Work request: Every line below from the one containing "Film Executive Producer" through the one containing "The Art of Resume" is to be printed exactly, with the pictures omitted.

Data to process:
┄┄┄┄┄┄┄┄┄┄┄┄┄┄┄┄┄┄┄┄
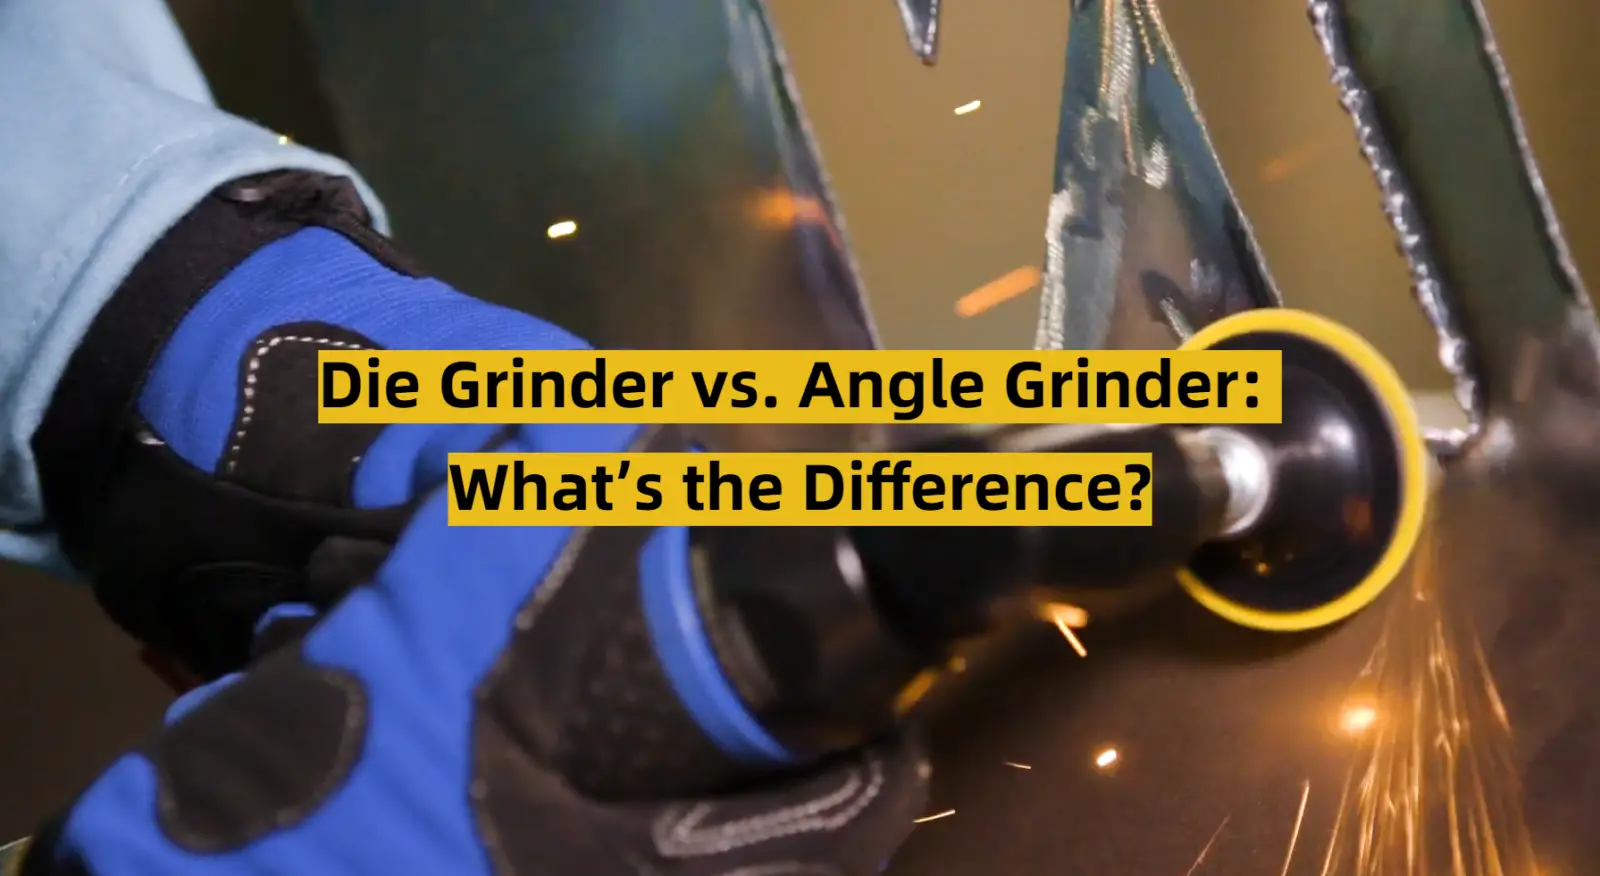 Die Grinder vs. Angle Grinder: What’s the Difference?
┄┄┄┄┄┄┄┄┄┄┄┄┄┄┄┄┄┄┄┄
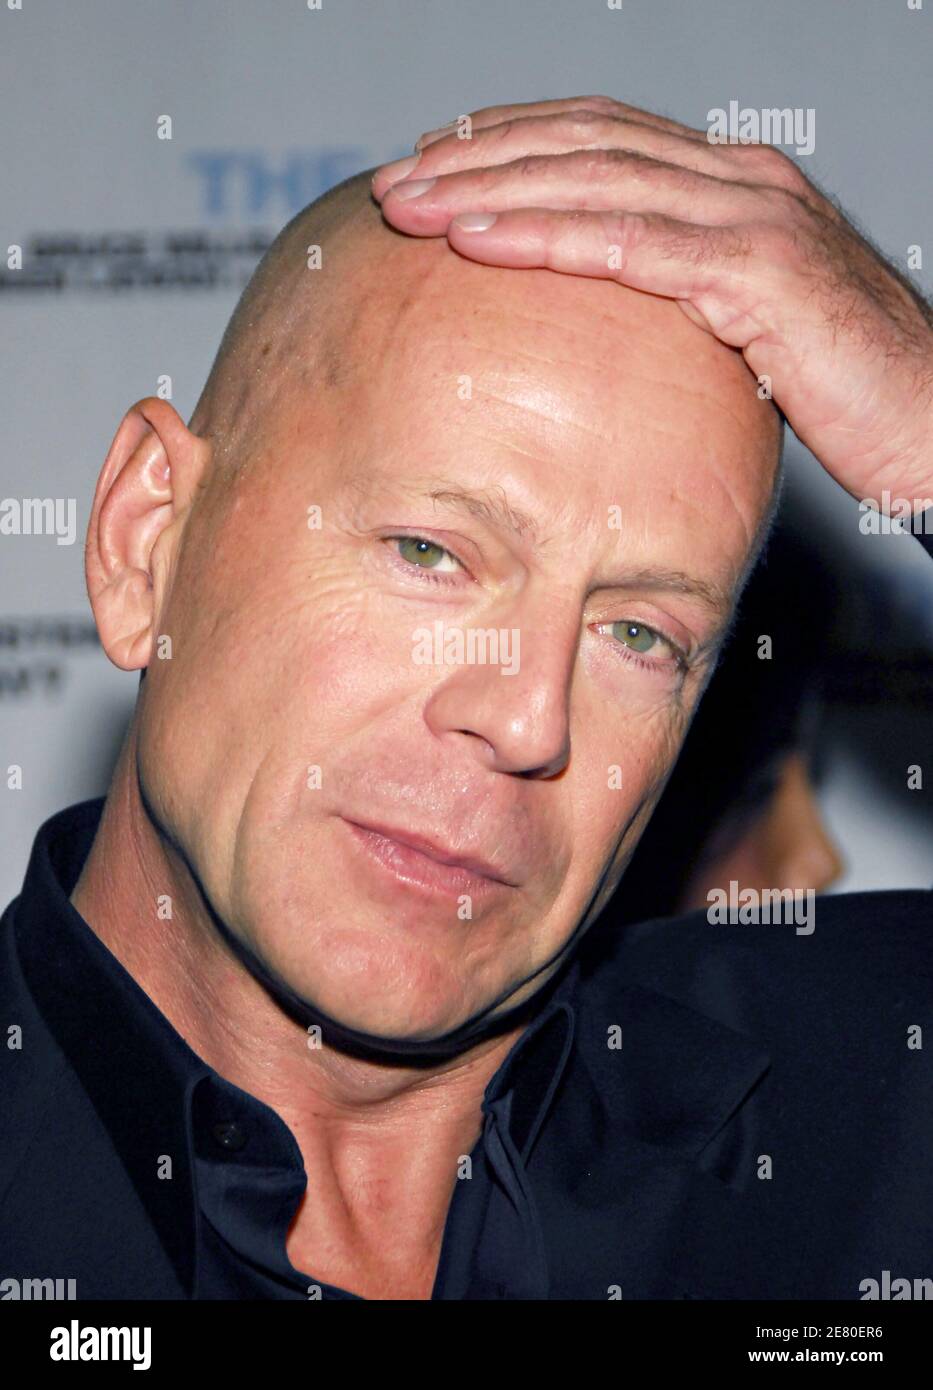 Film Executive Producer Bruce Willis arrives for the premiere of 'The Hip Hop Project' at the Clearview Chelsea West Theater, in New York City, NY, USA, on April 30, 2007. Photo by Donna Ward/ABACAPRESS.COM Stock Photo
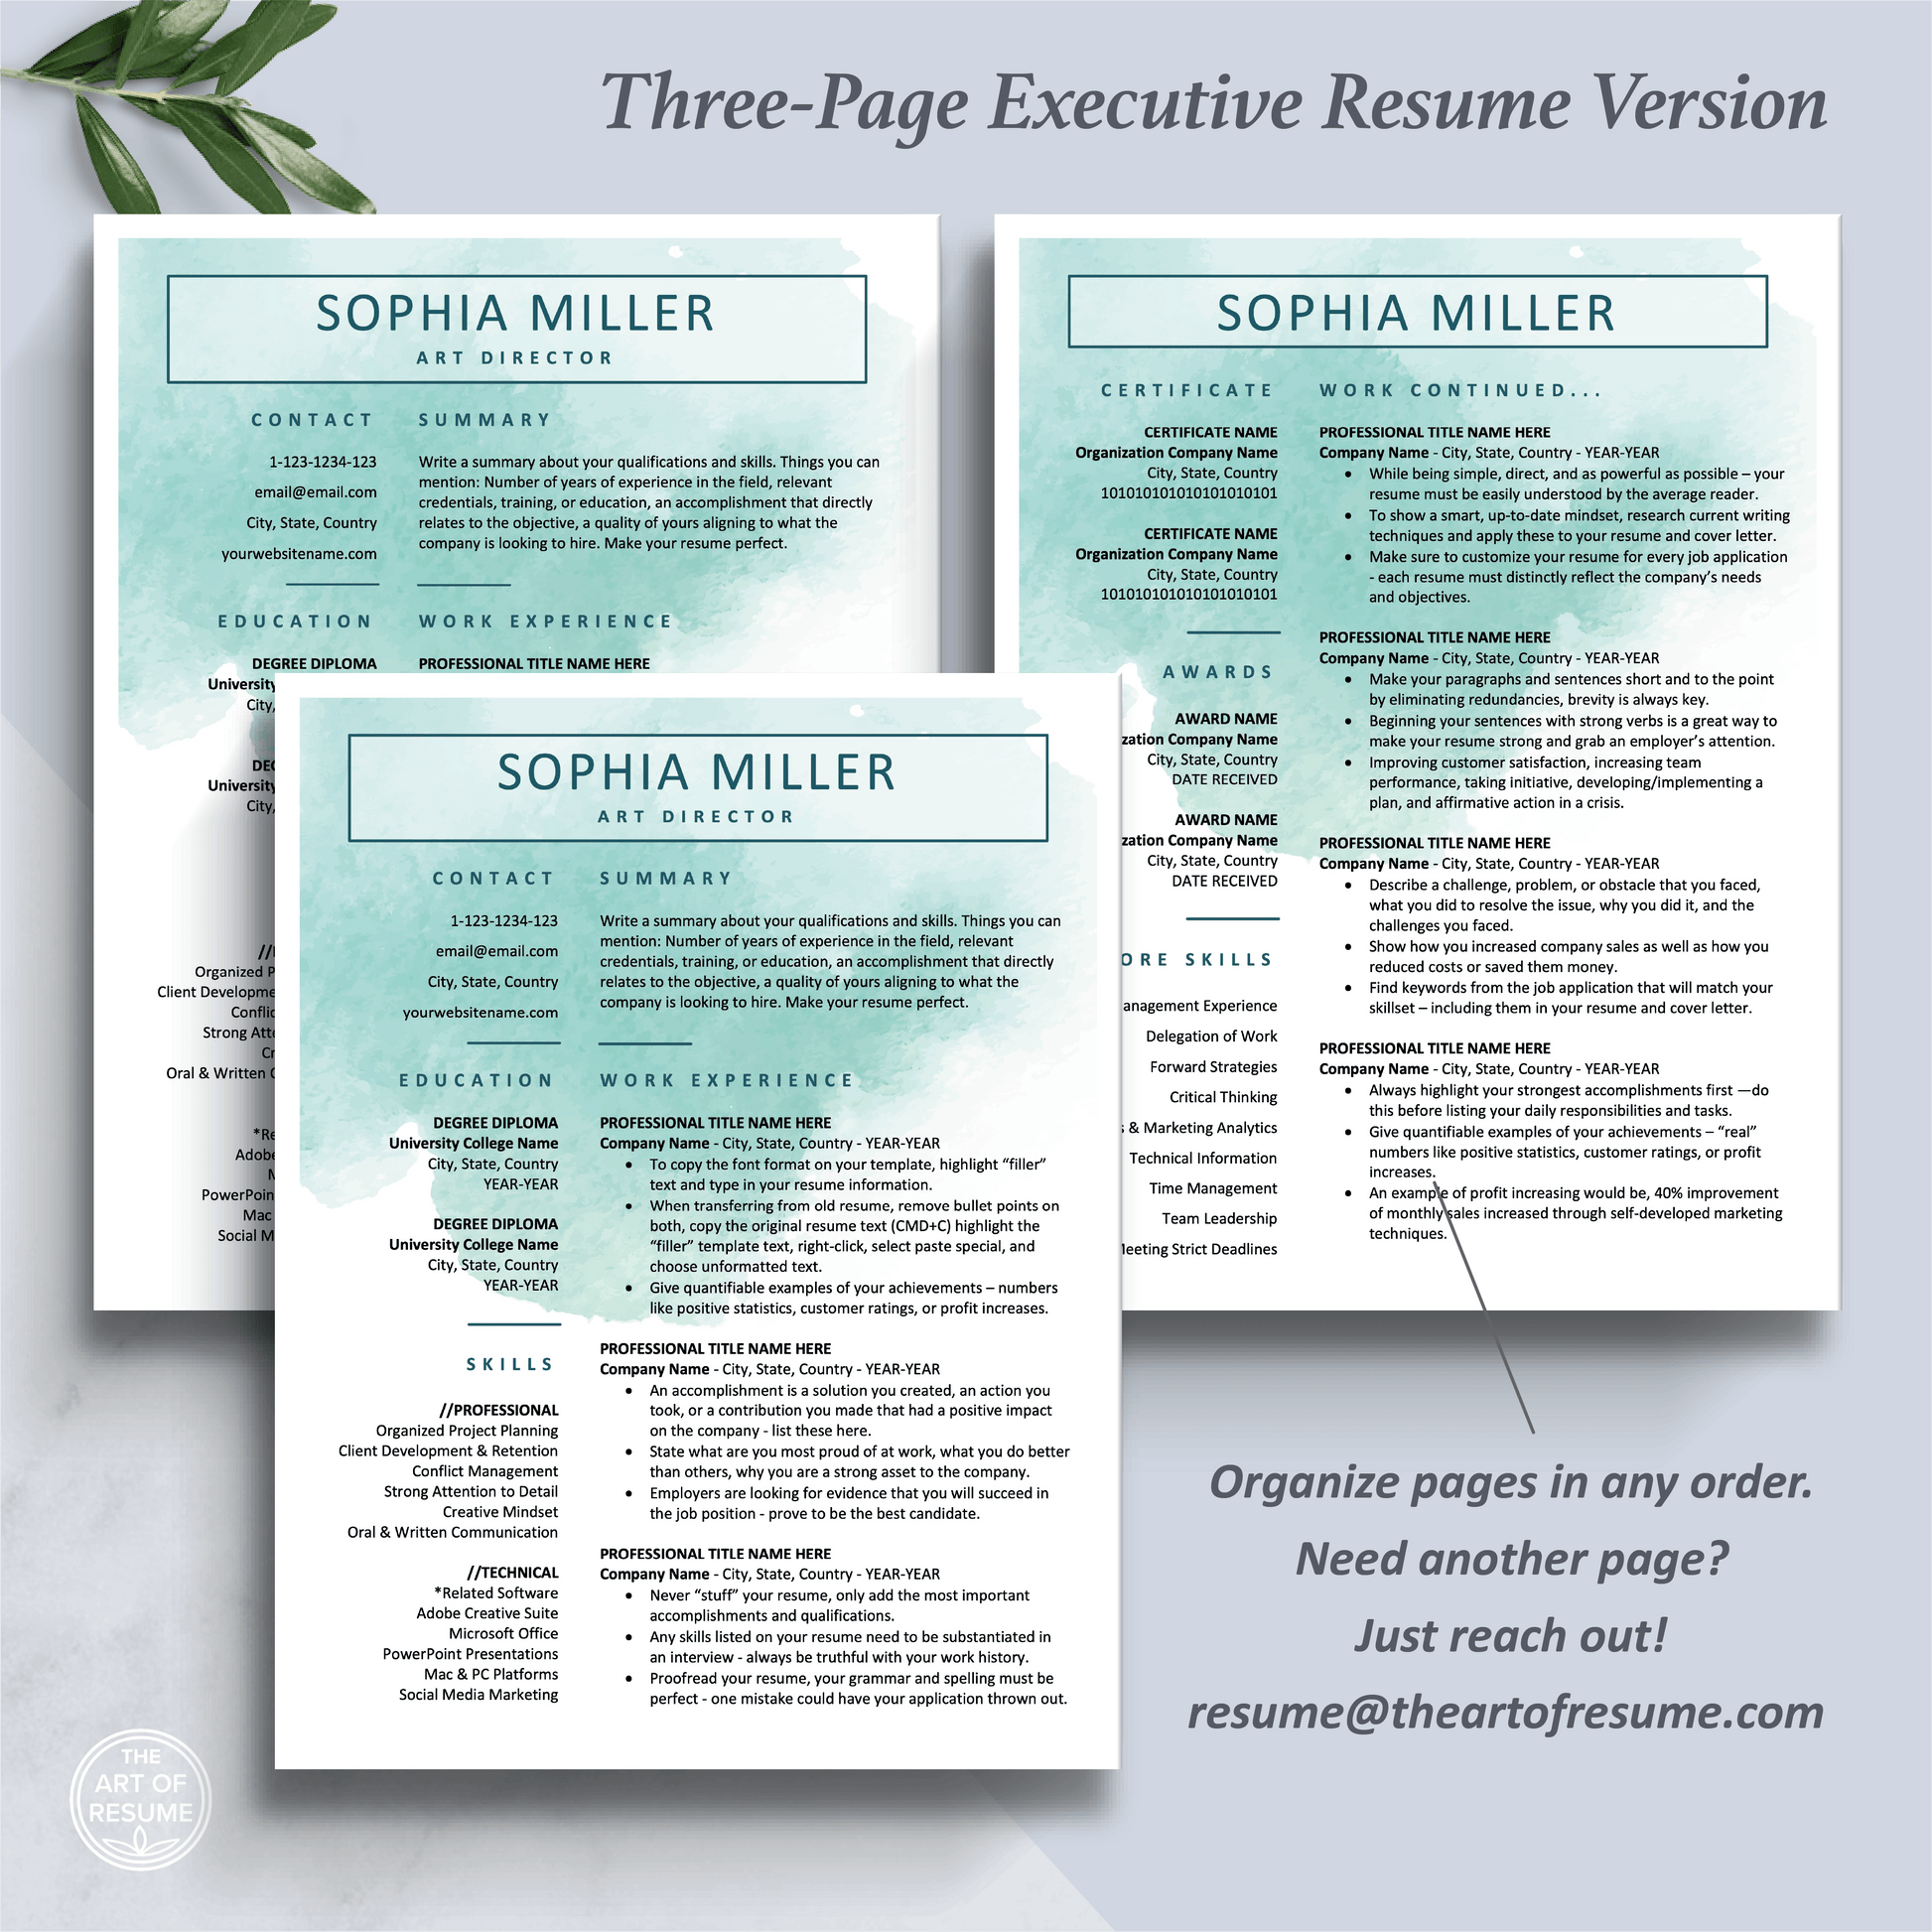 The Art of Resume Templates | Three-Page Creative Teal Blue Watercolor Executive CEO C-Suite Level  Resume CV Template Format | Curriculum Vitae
┄┄┄┄┄┄┄┄┄┄┄┄┄┄┄┄┄┄┄┄
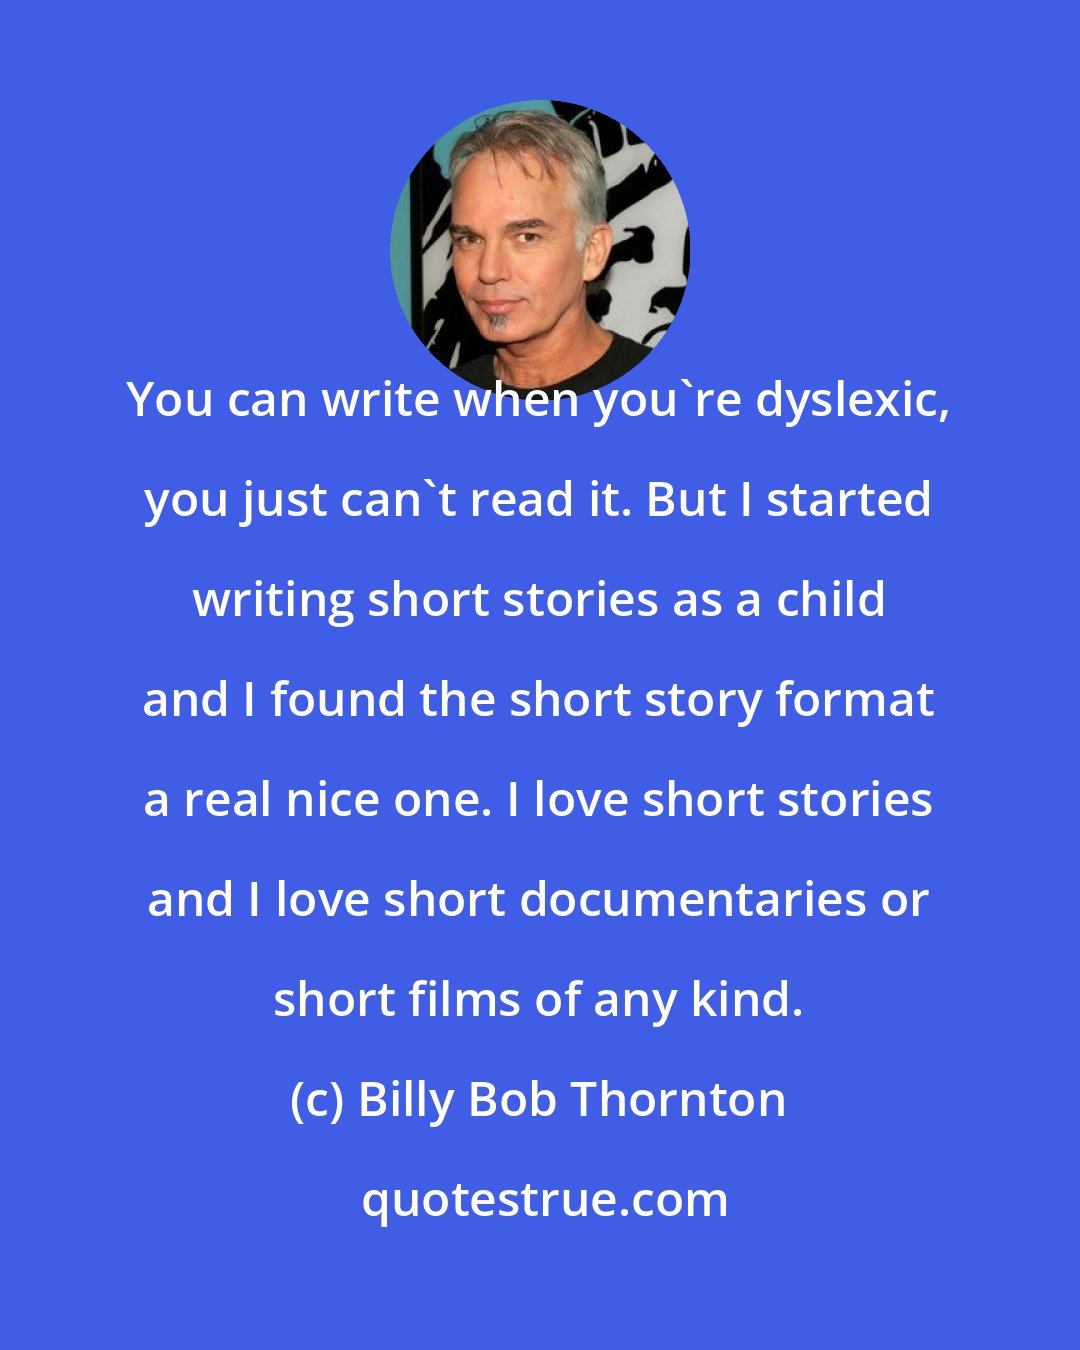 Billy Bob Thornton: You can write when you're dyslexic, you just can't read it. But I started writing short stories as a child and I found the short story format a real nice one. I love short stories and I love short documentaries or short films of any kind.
┄┄┄┄┄┄┄┄┄┄┄┄┄┄┄┄┄┄┄┄
Written answer:
 Film Executive Producer Bruce Willis arrives for the premiere of 'The Hip Hop Project' at the Clearview Chelsea West Theater, in New York City, NY, USA, on April 30, 2007. Photo by Donna Ward/ABACAPRESS.COM Stock Photo
 The Art of Resume Templates | Three-Page Creative Teal Blue Watercolor Executive CEO C-Suite Level  Resume CV Template Format | Curriculum Vitae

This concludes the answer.